Da Igor Stravinsky al ritorno dei Liquid Tension Experiment: la mia intervista a Tony Levin

Photo: Kai R Joachim Photography

(Raffaella Mezzanzanica)

Nato a Boston, il 6 giugno 1946, Tony Levin ha iniziato a suonare il contrabbasso quando aveva 10 anni. Al liceo, poi, si è dedicato allo studio della tuba.

Tony Levin è un musicista di formazione classica. Mentre frequentava la Eastman School of Music di Rochester, NY, ha avuto l’incredibile possibilità di suonare sotto la direzione di Igor Stravinsky e con la Rochester Philharmonic.

E proprio mentre frequentava la Eastman, ha incontrato il batterista Steve Gadd, che lo ha introdotto alla musica jazz e al rock.

Nella sua carriera, Tony Levin ha contribuito alla realizzazione di molti album di diversi artisti (Alice Cooper, Carly Simon, Laura Nyro, Lou Reed, David Bowie) e può vantare una lunga collaborazione e amicizia con Peter Gabriel. In effetti, ha suonato il basso in molti dei suoi album e lo ha accompagnato anche in diversi tour.

Levin è anche un membro dei King Crimson, Liquid Tension Experiment e Stick Man.

Grazie alla sua versatilità e alla sua tecnica è considerato uno dei migliori bassisti al mondo.

È anche un apprezzato fotografo e ha pubblicato diversi libri che mostrano la sua vita “on the road”.

Ho iniziato la mia intervista chiedendo a Tony di parlarmi del ritorno dei Liquid Tension Experiment e del loro prossimo album, Liquid Tension Experiment 3, in uscita il 26 marzo.
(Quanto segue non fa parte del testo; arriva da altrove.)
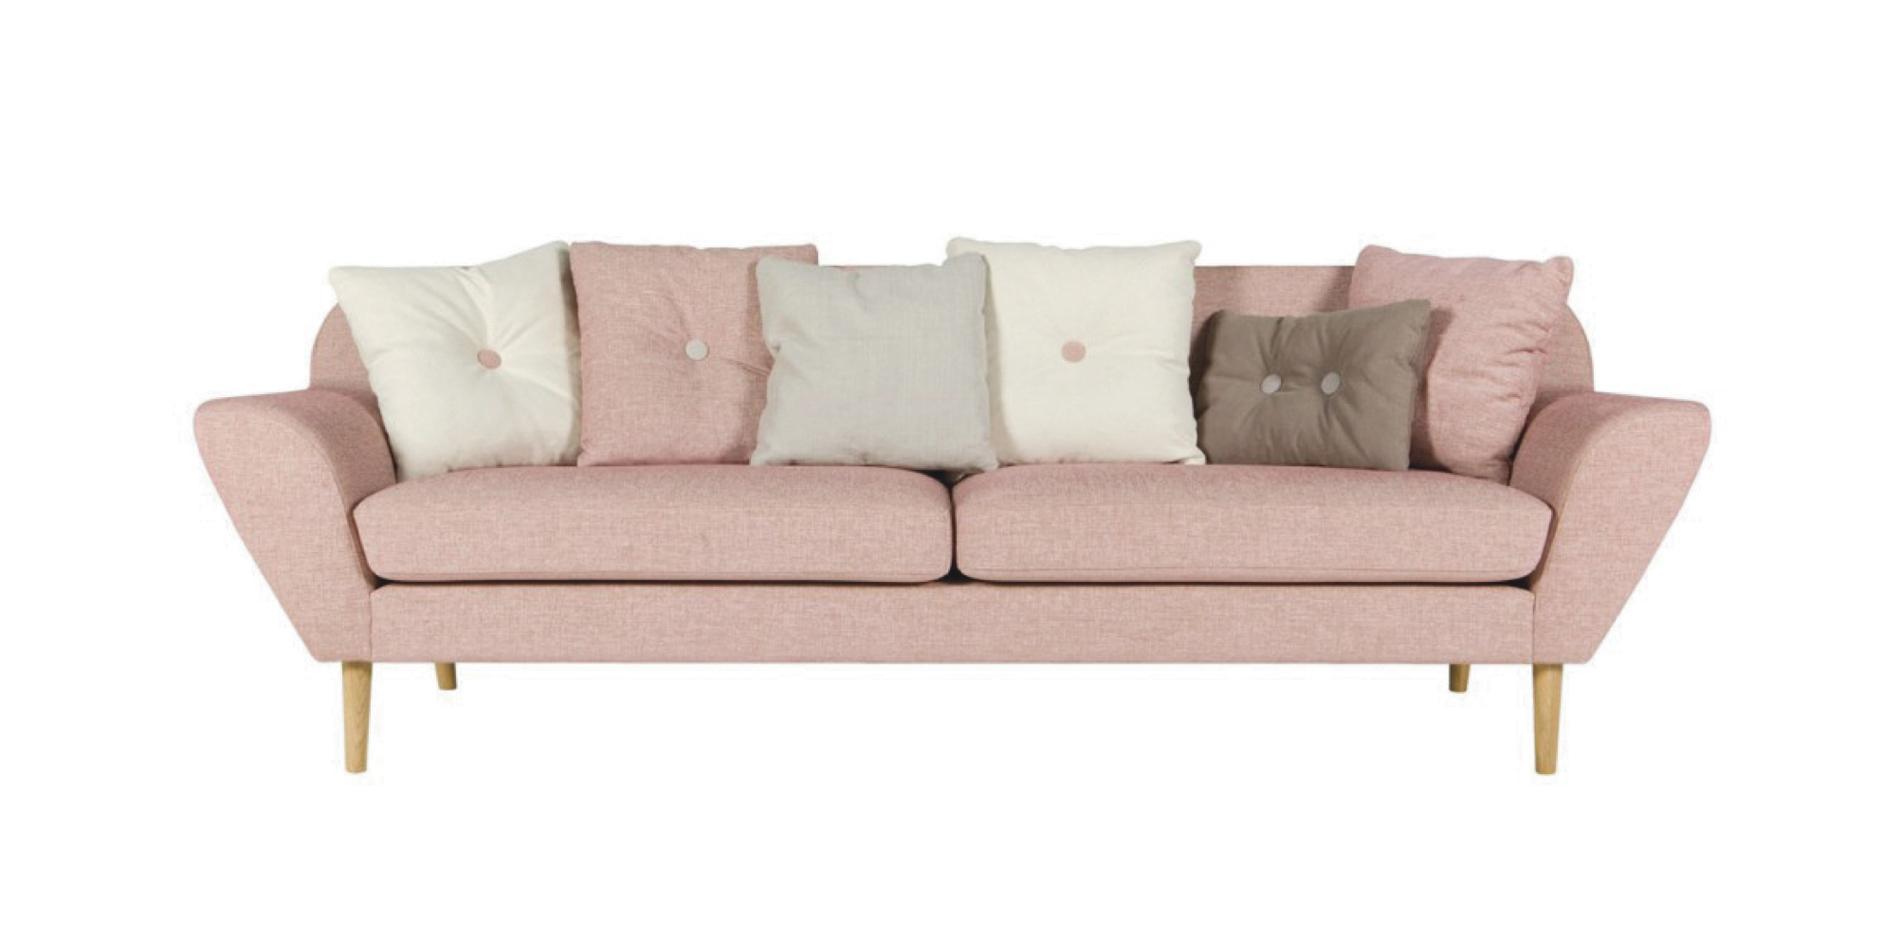 rose quartz et serenity les couleurs de l 39 ann e 2016. Black Bedroom Furniture Sets. Home Design Ideas

Inoltre, gli ho chiesto di raccontarmi un po’ delle sue esperienze con Peter Gabriel, Laura Nyro, Pink Floyd e, ovviamente, King Crimson e alcuni approfondimenti sul suo libro fotografico Images from a Life on the Road, recentemente pubblicato.

D .: Ci sono due elementi legati al tuo presente: il ritorno dei Liquid Tension Experiment e la pubblicazione del tuo libro “Images from a Life on the Road”. Cominciamo da LTE. Quasi alla fine del 2020, i Liquid Tension Experiment hanno annunciato il loro ritorno con un nuovo album. Questo ritorno avviene a più di 20 anni dall’uscita di “Liquid Tension Experiment 2”. Quando avete capito che era il momento giusto per tornare e chi ha fatto il primo passo in questa direzione?

T.L .: Avevamo in mente di tornare già da alcuni anni. Andiamo tutti molto d’accordo e ci siamo sempre divertiti a suonare insieme. C’è quindi sempre stata questa possibilità. La tempistica è stata determinata da ciò che accade in ogni band e dal fatto che ogni membro dei Liquidi Tension Experiment è parte attiva anche in altri gruppi. Quindi, se non fosse stato per il lockdown, chissà quando avremmo potuto trovare qualche settimana per lavorare insieme. Sono stati Jordan (Rudess) e Mike (Portnoy) a discuterne e a scrivere a me e a John. Abbiamo subito colto al volo l’occasione e ci siamo messi al lavoro.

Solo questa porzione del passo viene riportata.